Выбрать главу

Кроме газет, на марше неизменными друзьями были гармошка и бубен. Старшина Овсянников — замечательный гармонист. Он превосходно играл и в пешем строю и на коне. Гармонь, бубен и веселые песни ободряли бойцов в тяжелом пути по монгольским степям и горам. Не было у нас за время марша ни одного выбывшего из строя.

Необычна и нова была работа в автомашинах. Под шум мотора приходилось проводить беседы, писать, несмотря на качку, политдонесения, рапорты. Необходимо было строго следить за самочувствием каждого бойца и предупреждать случаи аварий. О сне не было и речи, особенно ночью, когда машины шли с потушенными фарами.

Хамар-Даба. Здесь тщательно готовились к предстоящему бою с японцами. Уже слышны выстрелы артиллерии, видны разрывы снарядов и бомб. Здесь еще раз с командиром роты тов. Мироненко тщательно проверяем все до мелочей, чтобы не спохватиться после, когда будет уже поздно.

Хорошо помогала нам газета «Героическая Красноармейская». Она рассказывала о коварных приемах врага, о его тактике. Она показывала героизм бойцов Халхин-Гола, давала советы и направляла нашу подготовку к предстоящим боям. Нам, разведчикам, было особенно это дорого, так как в разведке мы первыми сталкивались лицом) к лицу с хитрым и коварным противником.

В самом бою выявилось, что политрук должен быть не только политработником и военным специалистом, но и хорошим хозяйственником. Когда рота осталась без старшины, пришлось поработать и за него. Взять хотя бы снабжение водой. В условиях Монголии это — дело первостепенной важности.

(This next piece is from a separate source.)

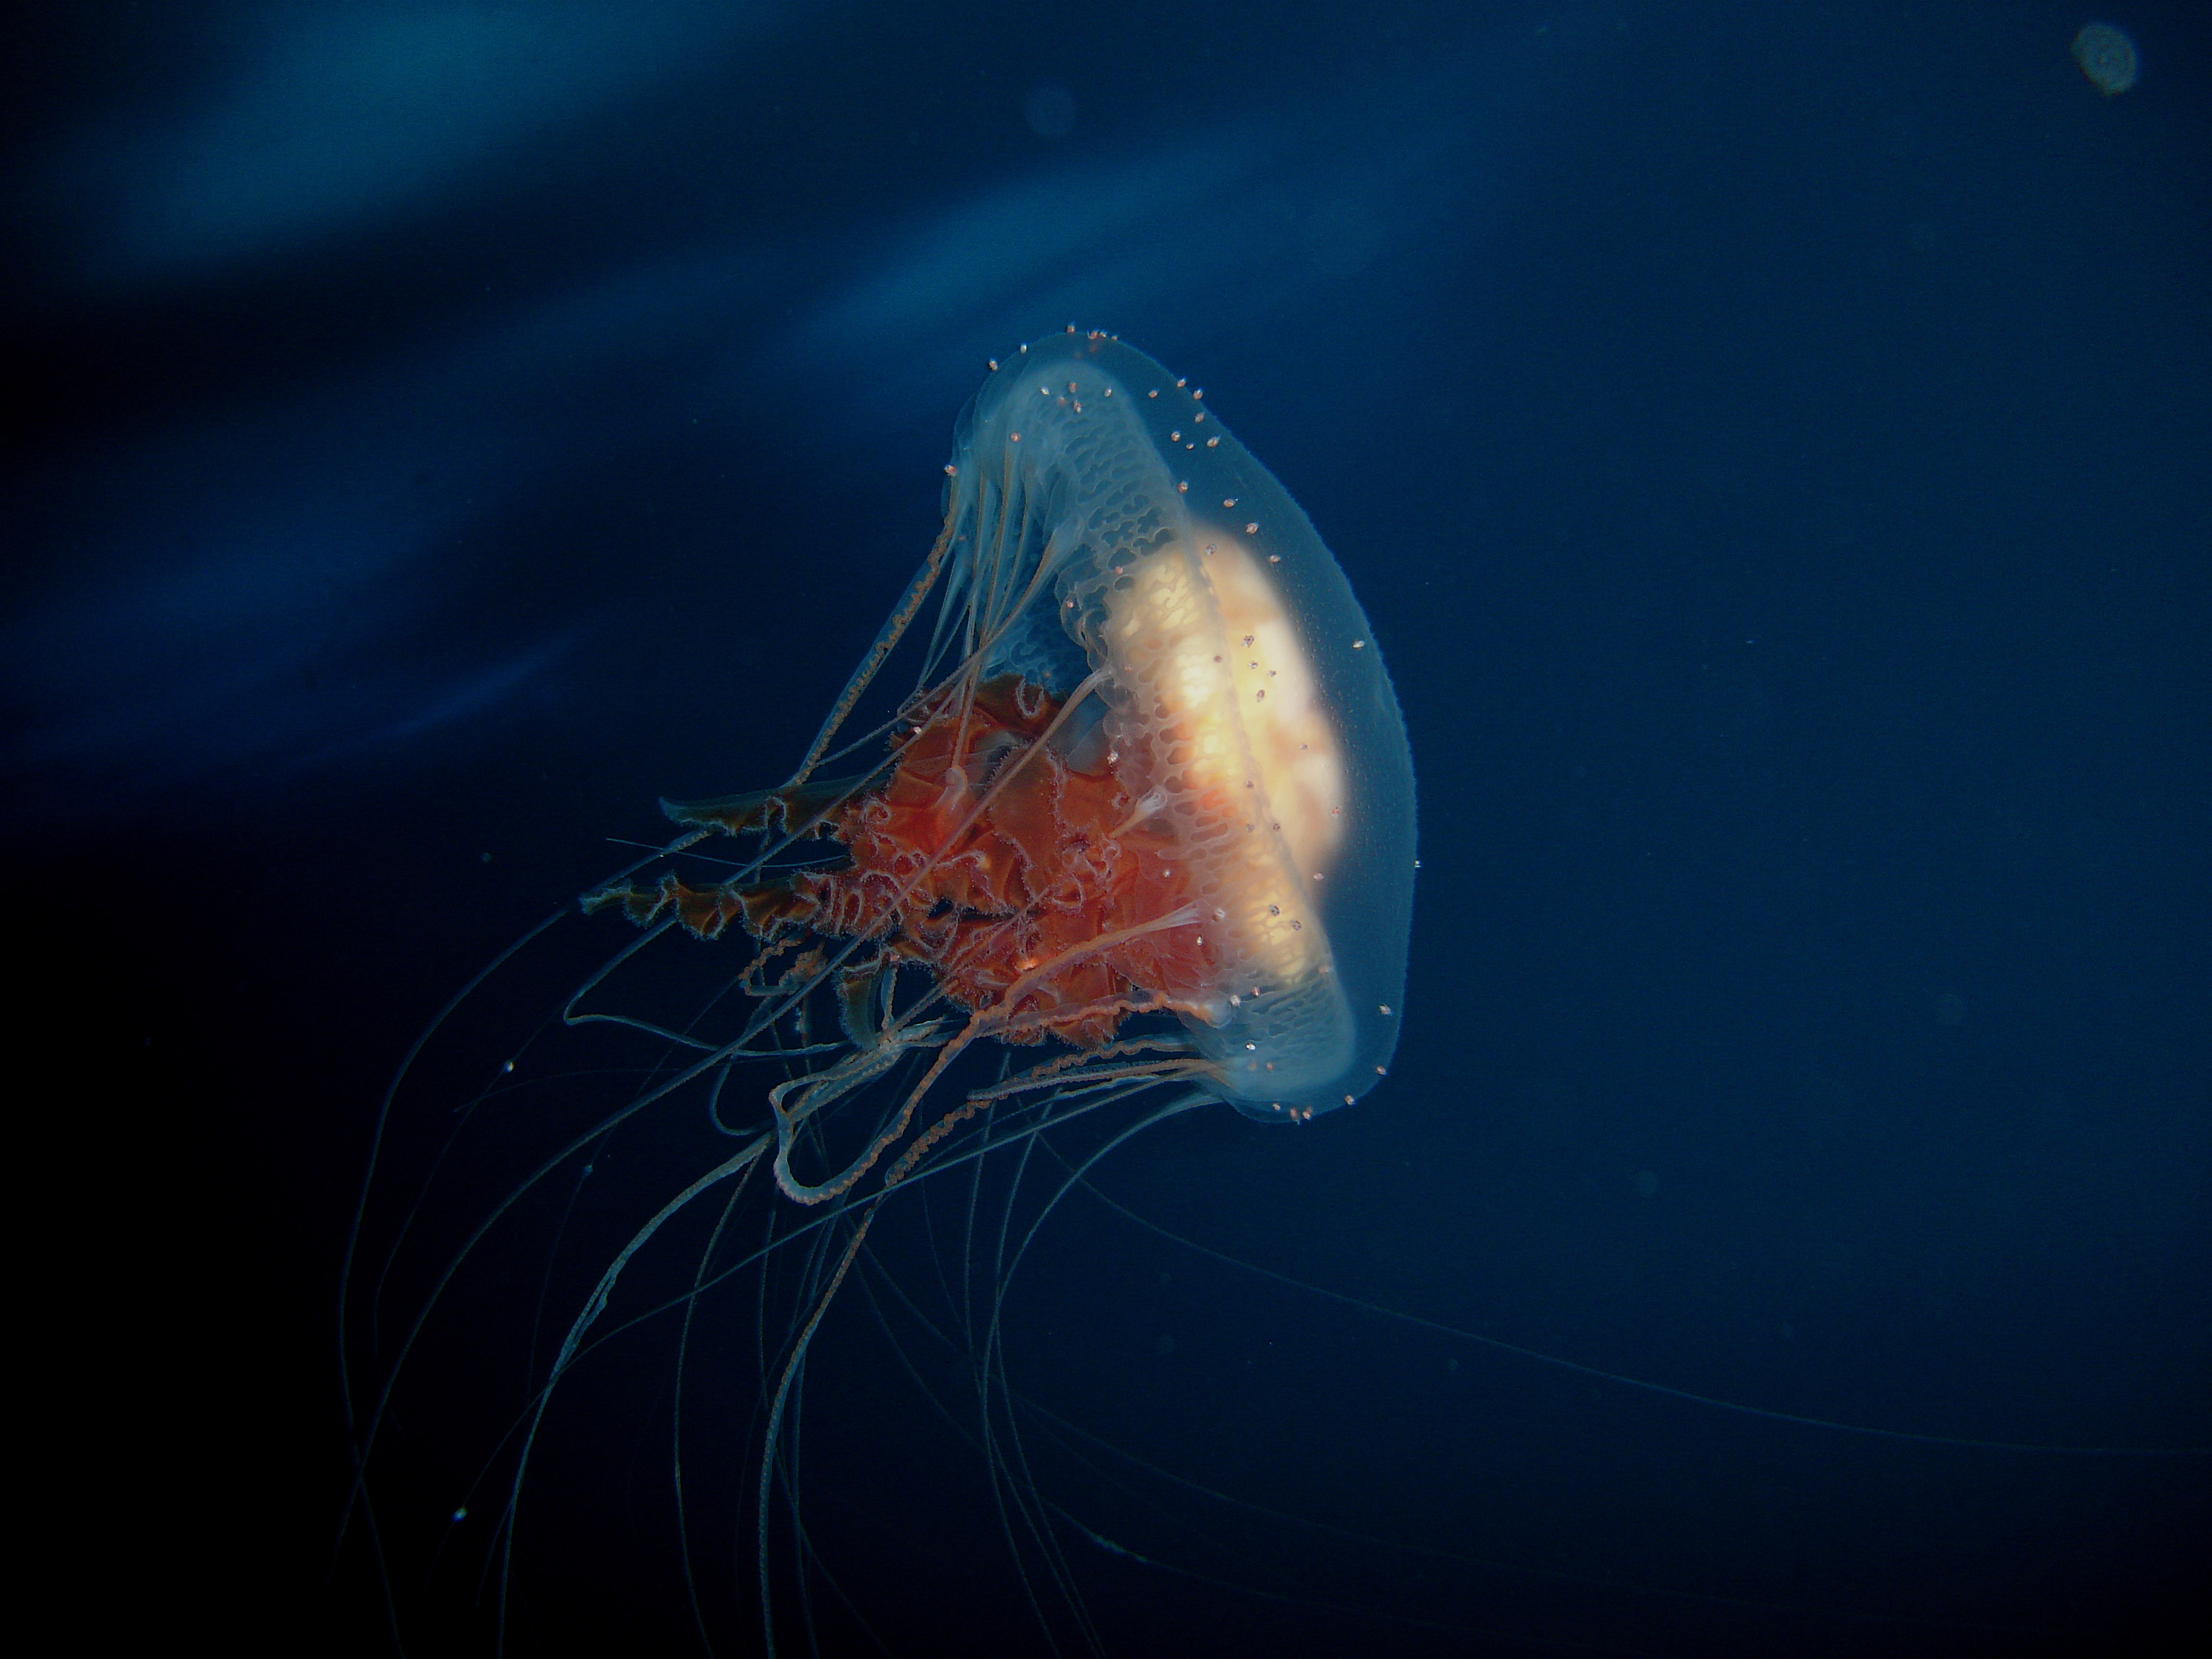 Jellyfish swims through the water.

Было так. Тылы находились у реки Халхин-Гол, а бойцы целые сутки были без воды. Вступили в бой. Пошли в разведку.

Из рапорта красноармейца В. Устимова

Вторые сутки на исходе. Воды по прежнему нет. Болит сердце за каждого бойца. Чем помочь? Не могут дальше итти Евсеев, Ласточкин. Бойцы изнурены. Бегу, останавливаю проходящий танк, достаю 3–4 кружки этой чудесной влаги. Немного с бензином, но ничего. Досталось каждому не больше чайной ложки. Бегу дальше. О, радость! Машина, старшина Батухтин, вода. Но, увы! Ее мало. На семьдесят девять человек — одна каска. Затыкаю в каске отверстие и несу бойцам. Сперва по одной столовой ложке, потом по другой. Осталась фляга с водой, это для первого взвода, который находится в двух километрах от нас. С полной флягой бегу туда. Встречают с улыбками. Двое суток без воды, позади десятки километров, жара тридцать градусов, а они еще в состоянии улыбаться. Милые мои! «Сейчас плясать будем», — шутят бойцы. Прикладываю каждому к губам флягу. Одна фляга — на тридцать человек. Еще на дне три-четыре капли, отдаю и это. А сам отошел за куст, пососал тряпочку, которой была обвернута пробка фляги. Стало немного легче.

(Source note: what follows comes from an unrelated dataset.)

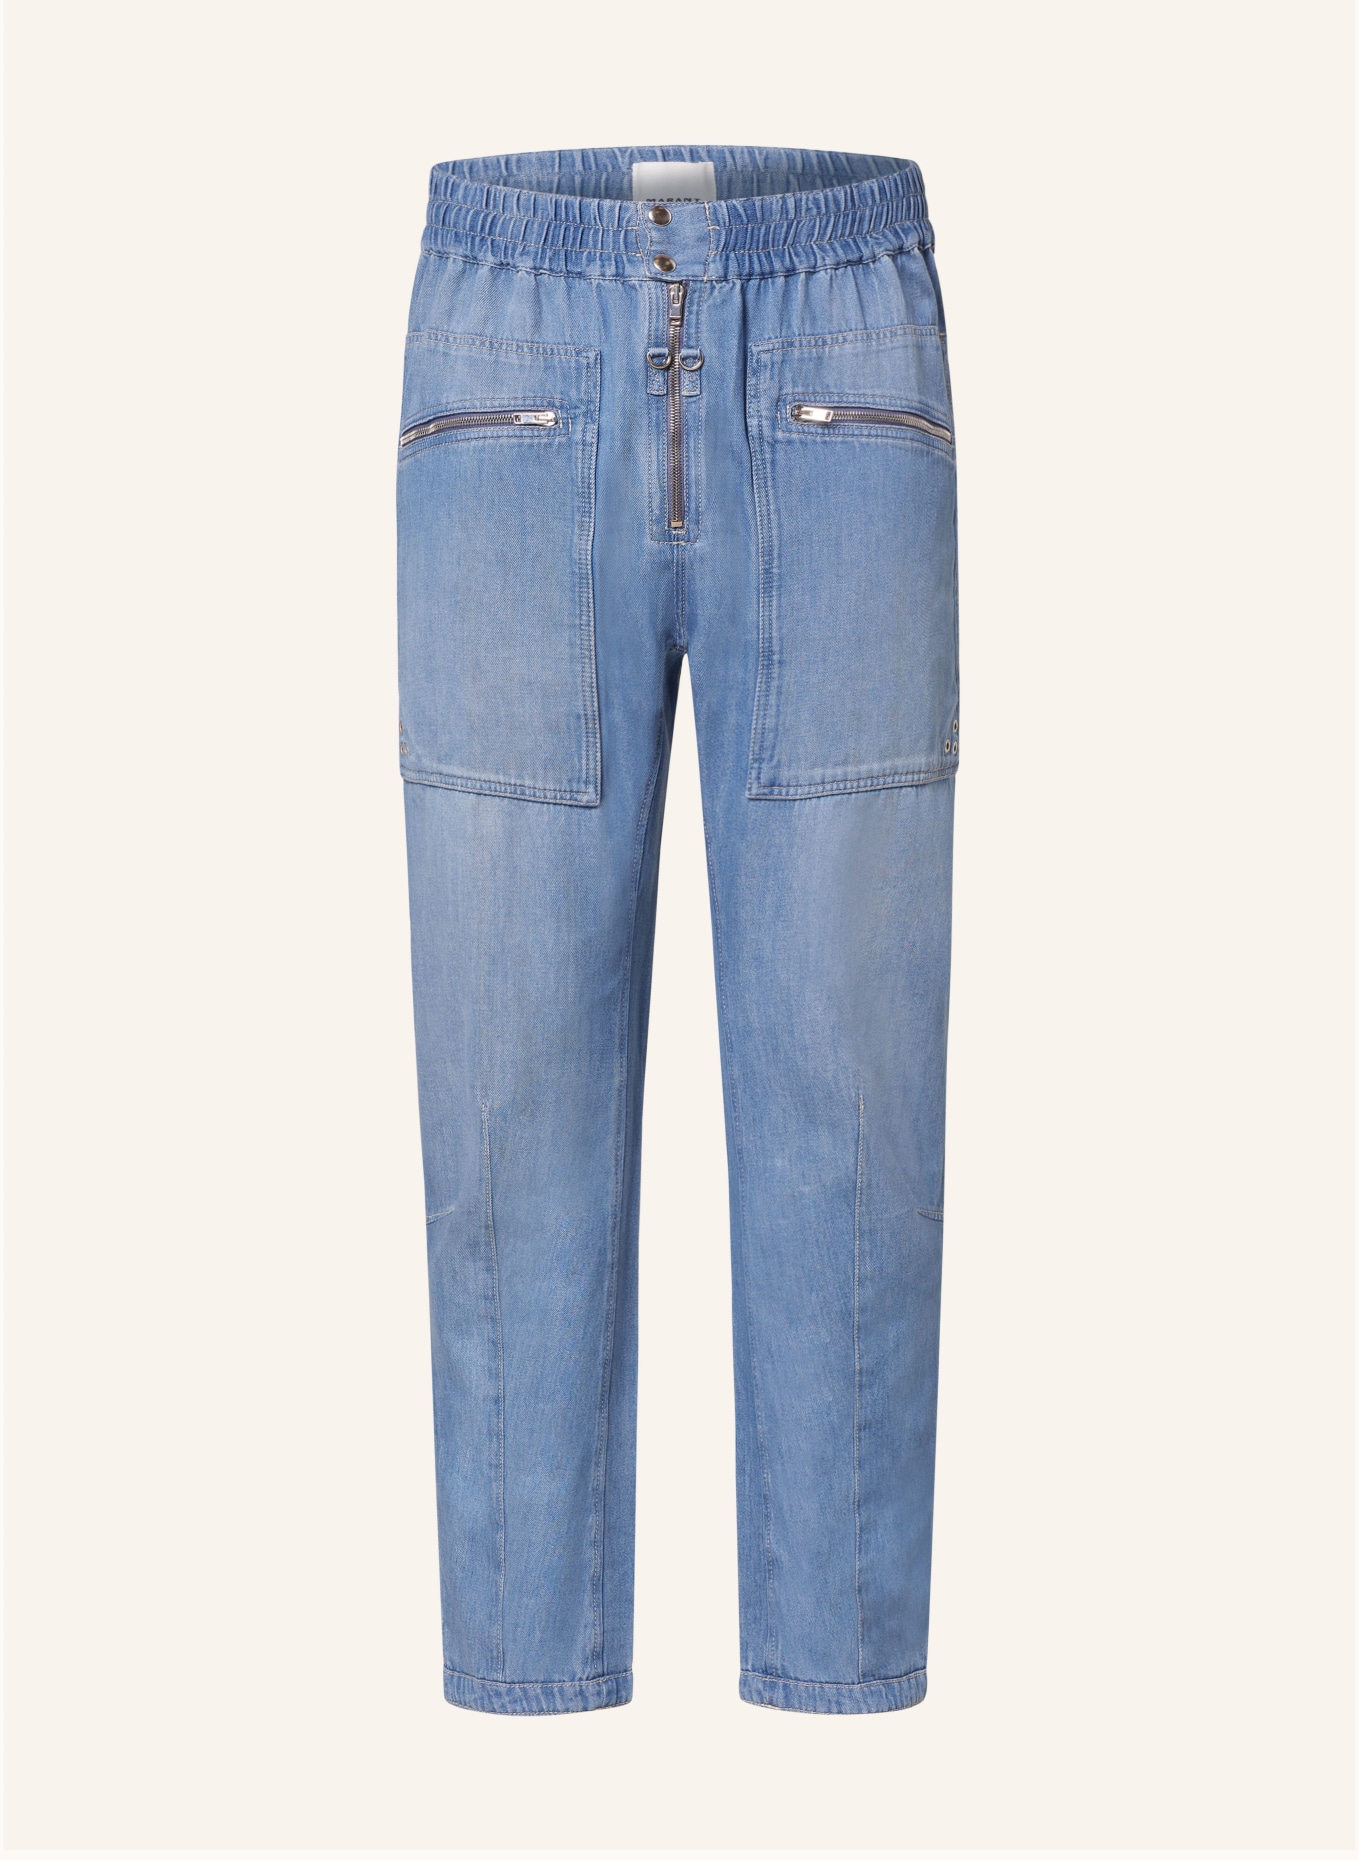 ISABEL MARANT Jeans JELSON regular fit, Color: 30BU blue (Image 1)

И через несколько часов пришла вода! Воды сколько угодно. Бойцы напились. Один или двое даже промыли глаза, — умываться как следует еще нельзя, это роскошь. Но скоро наступило и это время. В окопчике устроили «неприкосновенный запас» — врыли банку из-под бензина, которую я выпросил в полковой артиллерии, да три банки из-под боеприпасов. Врыли в землю плащ-палатку. Воды достаточно. Но снабжение все же еще не регулярное. Нужно беречь воду, дорожить каждой каплей. Бойцы пошли в разведку на 7–8 километров в тыл врага. Даю всем по кружке напиться, наполняю фляги. Придут, напою снова. После, когда воды стало сколько угодно, долго мы вспоминали это пережитое время…

— Помните, товарищ политрук, как вы нас — из ложки отпаивали, будто малых ребят?

Что говорить, — конечно, помню. Да разве забудешь!..

Военный опыт пригодился мне, когда был ранен командир роты тов. Мироненко. Я ходил с бойцами в разведку, в атаку. Шесть суток находились в обороне, сдерживая превосходящую силу противника. Из окопа в окоп перебегал к каждому бойцу с газетами и новостями. Тут же, в окопах, было принято в комсомол и партию несколько бойцов.

Однажды случилось так. Свистели пули, ложились один за другим снаряды, а я ползу, иногда бегу со связкой газет. Как на грех, надел новое обмундирование, не успел пришить петлицы. Старое было изорвано в бою. И вот бойцы из соседнего подразделения захватили меня «в плен», сочли за чужого. Несмотря на мои уверения и просьбы, увели километра за два. Добрался к своим бойцам уже только с половиной газет, а остальное пришлось раздать по пути.